Algorithmic problem: max-flow problem (standard version)

Type of algorithm: a variation of the generic preflow-push algorithm.

Invariant: Before and after each iteration:

1. The current flow is feasible.
2. There is a nonnegative, integral value [math]\displaystyle{ \Delta }[/math].
3. The excess [math]\displaystyle{ e_f(v) }[/math] of no active node [math]\displaystyle{ v }[/math] exceeds [math]\displaystyle{ \Delta }[/math].

Variant: [math]\displaystyle{ \Delta }[/math] is divided by two (integral division).

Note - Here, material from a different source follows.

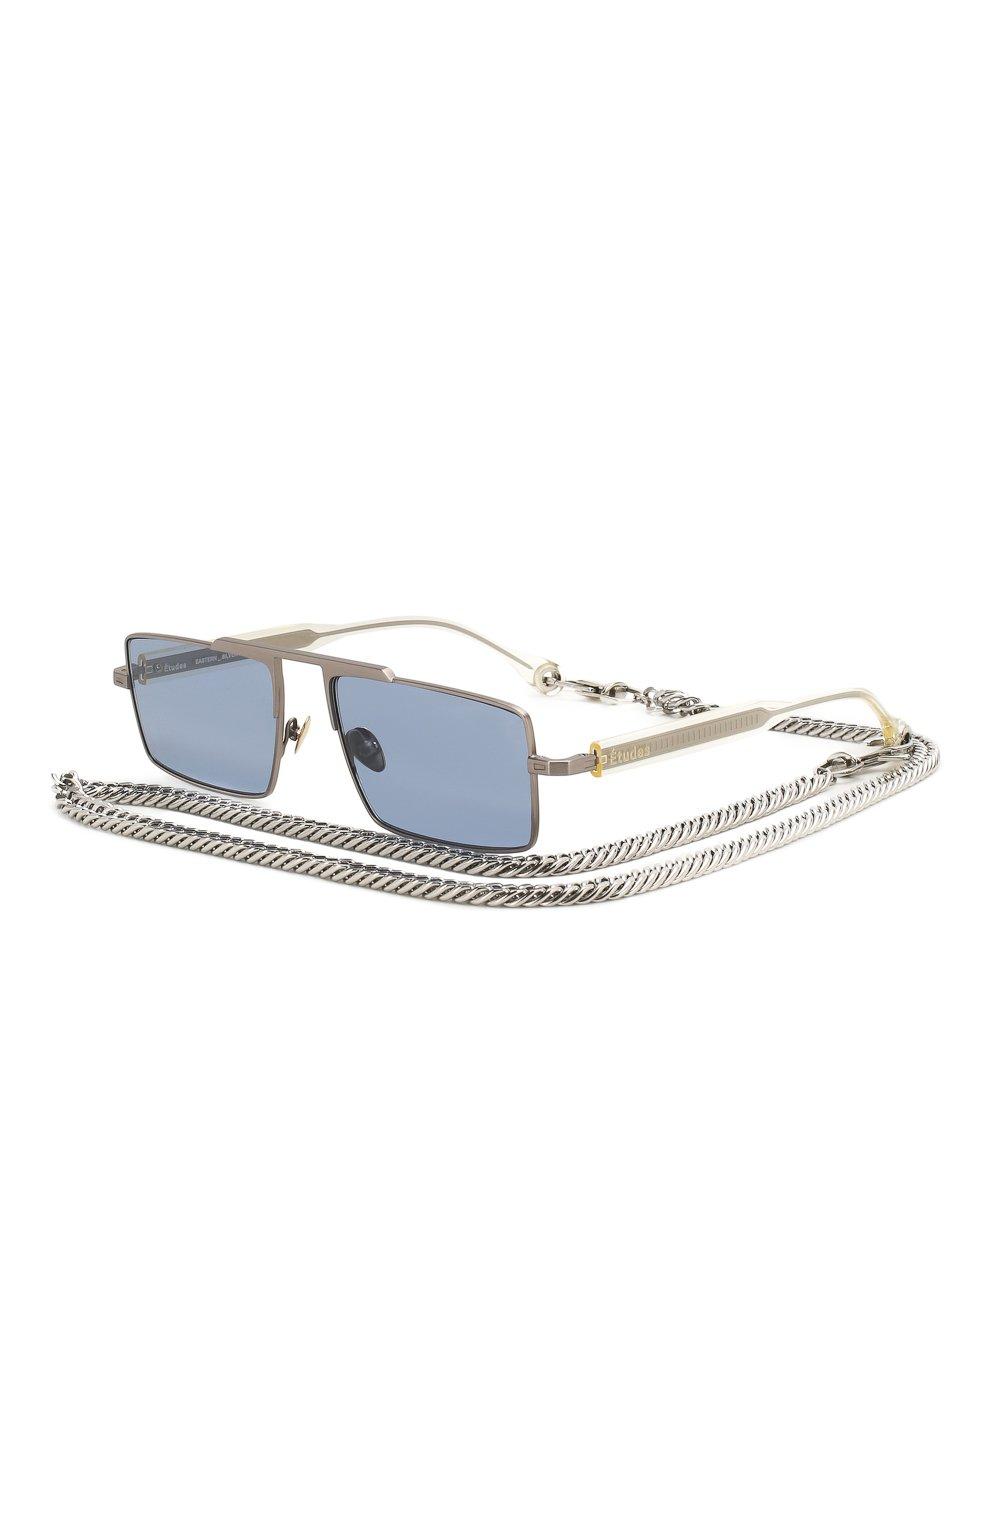 Женские солнцезащитные очки ÉTUDES серебряного цвета, арт. EASTERN SILVER CH WITH CHAIN   Фото 1

Break condition: [math]\displaystyle{ \Delta=0 }[/math].

Induction basis

1. All steps in the induction basis of the preflow push algorithm.
2. Set [math]\displaystyle{ \Delta:=2^L }[/math], where [math]\displaystyle{ L:=\lceil\log_2U\rceil }[/math] and [math]\displaystyle{ U:=\max\{u(a)|a\in A\} }[/math].

Induction step

Abstract view: Run the preflow-push algorithm with two modifications:

1. Ignore all active nodes whose excess is smaller than [math]\displaystyle{ \Delta/2 }[/math].
2. Among the nodes with excess at least [math]\displaystyle{ \Delta/2 }[/math], choose one with minimum [math]\displaystyle{ d }[/math]-label.
3. Do not push more than [math]\displaystyle{ \Delta-e_f(w) }[/math] units of fow over an arc [math]\displaystyle{ (v,w) }[/math].